Несколько слов об «австрийских шпионках» (так их называли). Я спал тогда рядом с одним немецким генералом-кавалеристом. Он был очень воспитанным и милым человеком. Как-то ночью мне пришлось его разбудить:

— Что такое? — спросил он.

— Вы ведь кавалерист, не правда ли?

— Да, но почему вы спрашиваете меня ночью?

— Потому что вам прислали кое-что на коне.

— Ничего не понимаю, — начал возмущаться генерал.

Конечно, и читатель ничего не понимает. На тюремном жаргоне «конь» — это веревка, обыкновенно сделанная из каких-нибудь платков или простыней, на которой можно спустить или поднять небольшую посылку, пролезающую через оконную решетку. Это средство сообщения заключенных, находящихся на разных этажах.

На этот раз спустили сверху дамскую шаль с записочкой, что она предназначена генералу такому-то. Я подал ему шаль, которой он несказанно обрадовался:

— От моей жены! Она здесь!

— По-видимому, над нами.

Бедный генерал заплакал. Затем прибавил:

— Она была в Сибири.

* * *

Теперь я могу приступить к рассказу об «австрийских шпионках». Их было семь. Была ли в их числе супруга генерала-кавалериста, не знаю. Но знаю, что все они были над нами. И узнали о нашем существовании. Они отличались великолепной энергией. Начали с «коня», передавшего генералу шаль его жены. Потом пошли любовные записки к молодым немцам и обратно. Завязались романы, причем в весьма эротическом вкусе. Но энергичные «шпионки» этим не удовольствовались. Им хотелось обнять этих «любовников», присылавших им на «коне» сладострастные излияния. Под одной из коек они начали делать подкоп, на чем их и поймали. На этом и кончились «конские» романы.

* * *

Одно из последних впечатлений — это о человеке с немецкой фамилией Пфефер, что значит по-русски «перец». Он ни слова не знал по-немецки.

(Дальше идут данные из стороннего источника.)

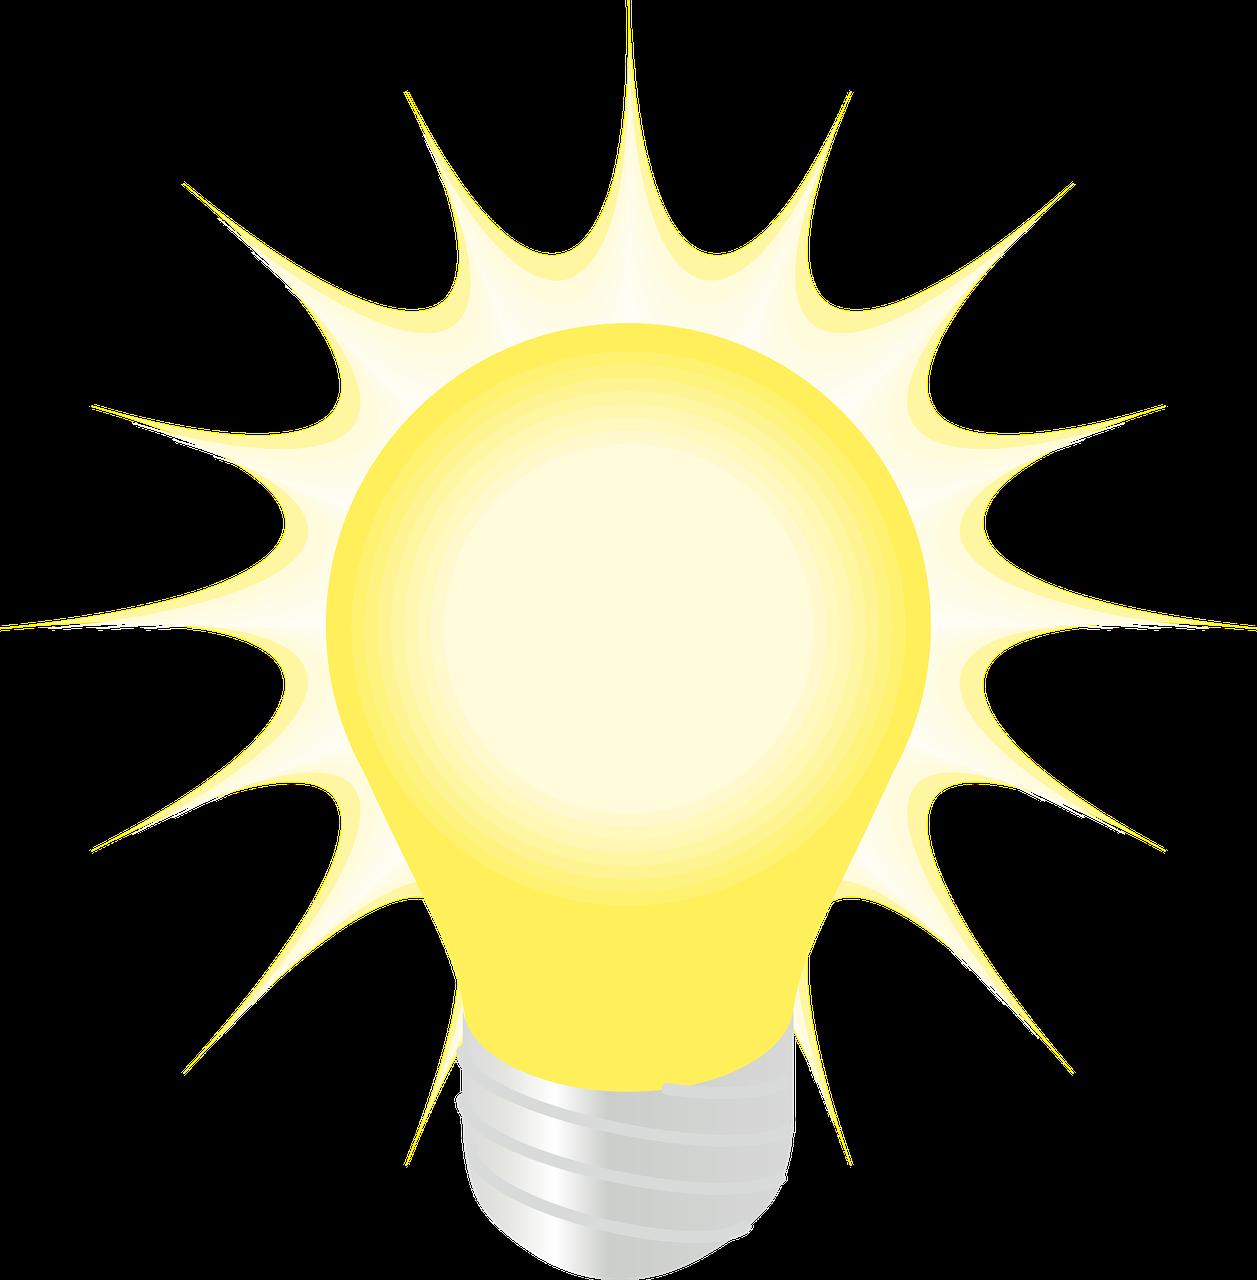 bulb-1293332_1280png

Наши камеры были в одном коридоре (я в это время сидел в одной камере с Шалвой). Поэтому у нас была одна уборная. В уборной он оставил записку, умоляя дать ему чаю. Он написал, что у него туберкулез желудка и что чай смягчает боли. У нас был чай из посылок. При очередном посещении туалета мы оставили ему пакетик. Он поблагодарил. И потом заложил в секретное место ученическую тетрадь, в которой описывал свою жизнь.

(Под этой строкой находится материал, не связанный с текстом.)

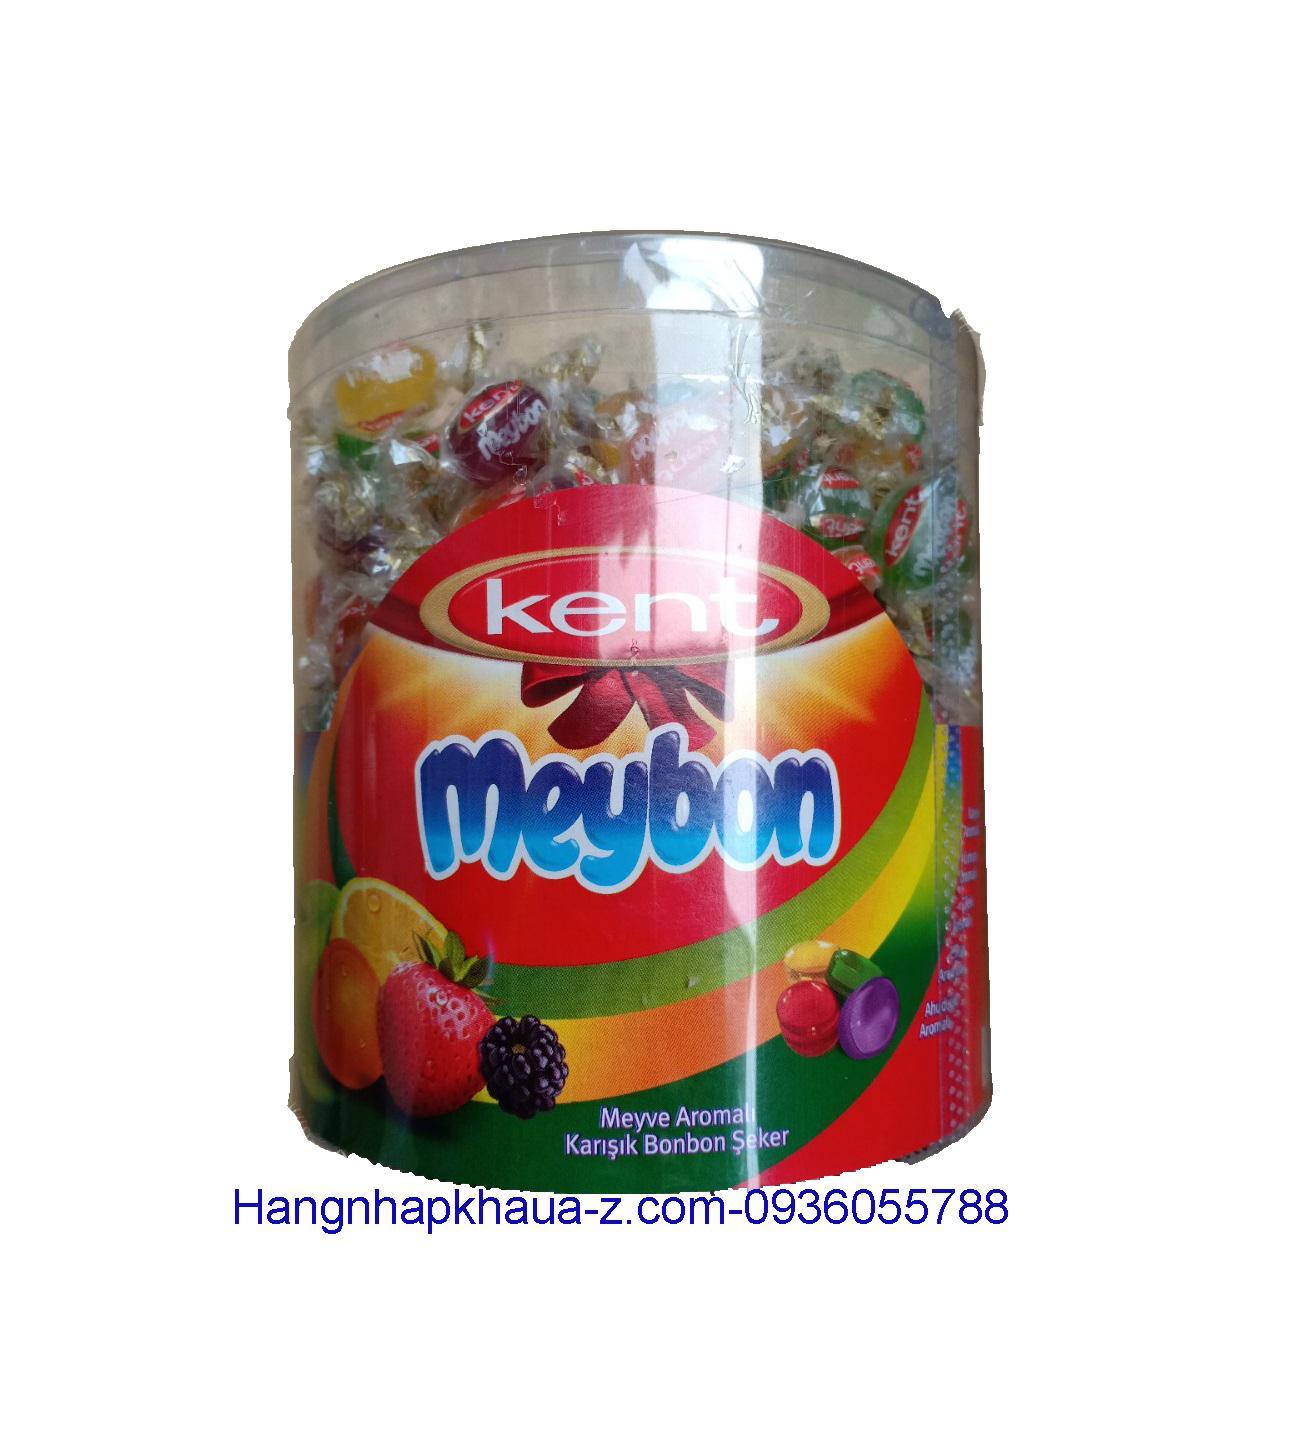 Kẹo Kent Meybon 504g

Когда ему было десять лет, он разбил футбольным мячом какое-то стекло. За это его посадили в тюрьму для малолетних. В ней он научился всему. В конце концов бежал и, наконец, кого-то убил. За это и сидел. Написано было не очень грамотно, но очень эмоционально. Мы с Шалвой его пожалели.

Скоро мы узнали, что никакого туберкулеза у него не было. Он был просто чайным алкоголиком. Заваривал невероятно крепкий чай — чифир, действовавший, как водка. Но это не поколебало наших добрых чувств к нему. И даже после того, как он напивался и на весь коридор ругался самыми похабными словами.

* * *

Когда уже меня освободили и я один в камере дожидался продолжения своей судьбы, то я написал этому Пфеферу сердцещипательное письмо: он молодой человек, вся жизнь впереди и перед ним, но он опять попадет обратно в тюрьму, если не исправится. И начертал ему программу. Надо развить волю, для чего перестать ругаться и пить крепкий чай. Если это ему удастся, остальное приложится, и он спасется.

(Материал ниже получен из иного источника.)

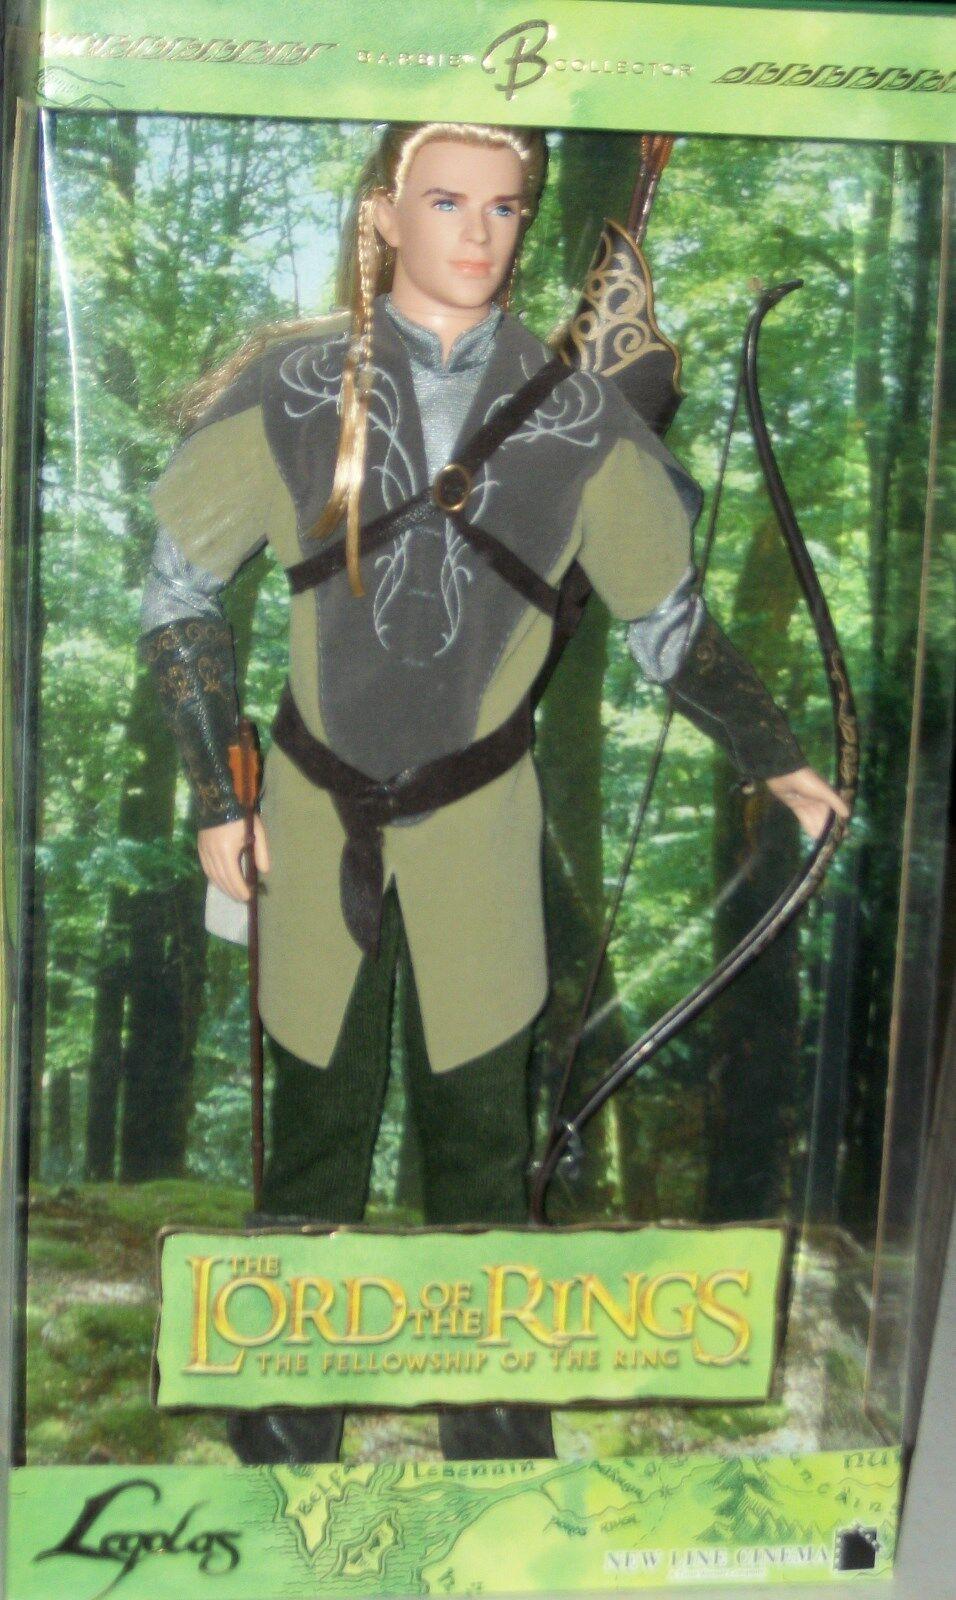 en linea Señor De Los Anillos Hobbit Legolas Legolas Legolas beca De Muñeca Barbie Ken Figura Regalo De Navidad  sin mínimo

Не знаю, передали ему мое письмо или нет. Но, думаю, даже если и передали, то он все-таки не спасся.

* * *

У заключенных развивается необычайная любовь ко всяким животным и птицам. Как это ни преследовали, потому что голуби пачкали окна, их все-таки кормили остатками хлеба насущного. Также и воробушков, жалко и нахально теснившихся среди голубей. Голуби опровергали свою кротость. Они дрались из-за хлеба, вскакивали друг другу на спину и колотили клювом в голову. Один из них был просто ужасен. Когда он появлялся (мы его уже очень хорошо знали — он был темнее других), все остальные голуби стушевывались перед ним безропотно. Мы называли его Насер, который в это время прославился своим нахальством на Суэцком канале. И мы не могли его прогнать, потому что улетал не он, а все остальные.

Часто на прогулках мы наблюдали различные сцены на небе. Голуби почти все были темно-сизые, но попадались и снежно-белые голубки, блиставшие на солнце. Вдруг появлялся копчик, хищная птица, но не больше голубя. И целая стая голубей бежала от него панически. Он бросался вниз камнем, но часто промахивался. Мы, конечно, сочувствовали голубям, хотя, судя по Насеру, и среди них было много дряни.

Нельзя было не любить воробьев. Надсмотрщики старались нас урезонить:

— Что вам эти воробьи? Их тут четыре штуки на всю тюрьму.

Но Шалва как-то ответил:

— Тридцать! Я подсчитал.

Я подумал: «Врут оба». И «быстрый разумом Ньютон» сложил тридцать и четыре, затем взял среднее арифметическое и с апломбом произнес:

— Их семнадцать.

И действительно, когда мы снова гуляли во дворике, прилетела стайка, расселась у стен, и Шалва должен был признать, что их семнадцать. Я торжествовал.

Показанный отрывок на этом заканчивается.